Try this source, http://wiemer.com/nursery/retail-vines/


----------



## NewOrleans (Apr 6, 2013)

saramc said:


> Try this source, http://wiemer.com/nursery/retail-vines/



Thanks, Sarmac! I will be contacting them Monday. You may have saved me a year wait!


----------



## saramc (Apr 7, 2013)

NewOrleans said:


> Thanks, Sarmac! I will be contacting them Monday. You may have saved me a year wait!



Have you called Double A and asked to be put on a waiting list? They may have people cancel an order.


----------



## NewOrleans (Apr 8, 2013)

when I have talked with Sue, she assured me they were completely out. I have also heard from a winemaker friend that weimer is out as well (that could explain why they have not called back)

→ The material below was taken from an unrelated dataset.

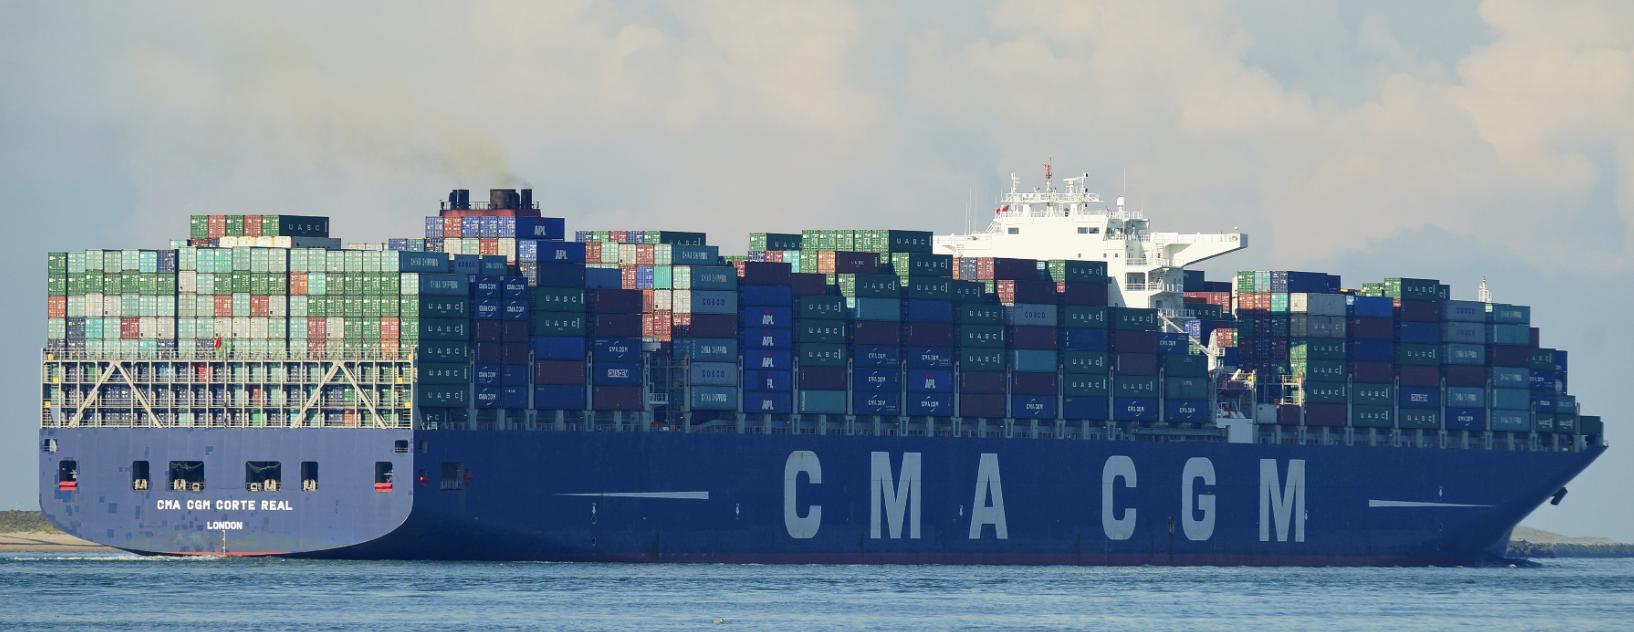 Egypte : CMA CGM va exploiter et gérer le futur terminal du port d'Alexandrie
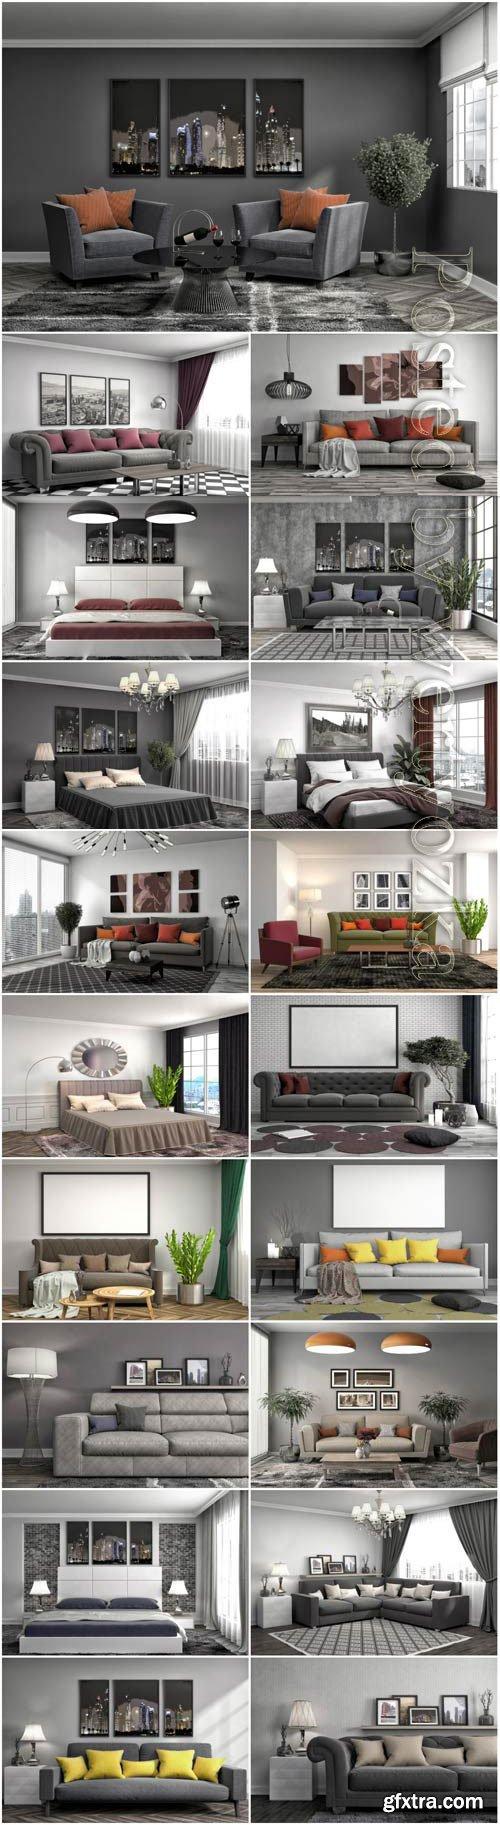 Modern interior in gray tones stock photo

So I am still looking everyone! any leads are greatly appreciated as the planting window is here and will close within the next month


----------



## saramc (Apr 9, 2013)

Maybe you can find something here: http://ngr.ucdavis.edu/varietyview.cfm?varietynum=3238

Check vintagenurseries.com

How many do you need?


----------



## NewOrleans (Apr 10, 2013)

thanks so much for the lead. I only need 18 for now 

I will post where and when I find them. So if there is no post, I am still looking


----------



## NewOrleans (Apr 10, 2013)

I found some riesling in California and in upstate NY (small roots) thanks for the help!


----------